Resistivity methods were among the first geophysical techniques developed. The basic concept originated with Conrad Schlumberger, who conducted the initial resistivity field tests in Normandy, France, during 1912 (Sharma, 1997). As an historical note, Conrad Schlumberger and his brother, Marcel Schlumberger, later founded the global oilfield services company, Schlumberger Limited, which has been a leader in the development of borehole geophysical systems. Resistivity methods were originally employed in the petroleum and mining industries, and afterward found use in arche-ological, hydrological, environmental, and geotechnical investigations. Development of continuous resistivity measurement techniques in the late 1980s and early 1990s has transformed the basic resistivity method into an effective and efficient tool to assess soil conditions in large agricultural fields.

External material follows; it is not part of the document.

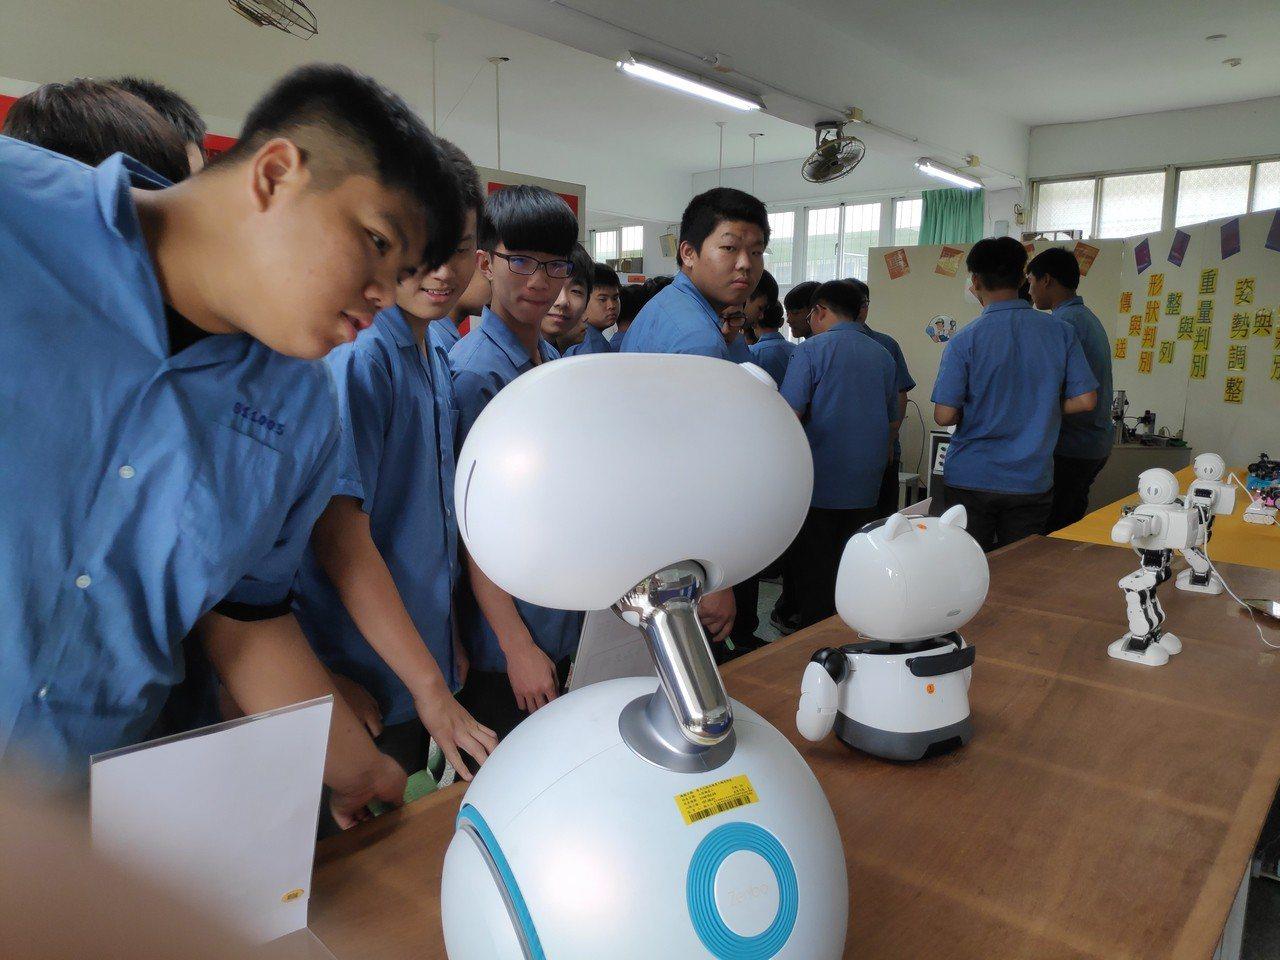 進入AI時代,農機科學生對機器人製作和研究,有滿滿的好奇和研製成果。記者蔡維斌/...

The resistivity method, employed in its earliest and most conventional form, uses an external power source to supply electrical current between two "current" electrodes inserted at the ground surface. The propagation of current in the subsurface is three-dimensional, and so, too, is the associated electric field. Information on the electric field is obtained by measuring the voltage between a second pair of "potential" electrodes also inserted at the ground surface. The two current and two potential electrodes together compose a four-electrode array. The magnitude of the current applied and the measured voltage are then used in conjunction with data on electrode spacing and arrangement to determine a subsurface resistivity value. The resistivity measurement obtained is a bulk value representing a continuous volume of the subsurface beneath the four-electrode array.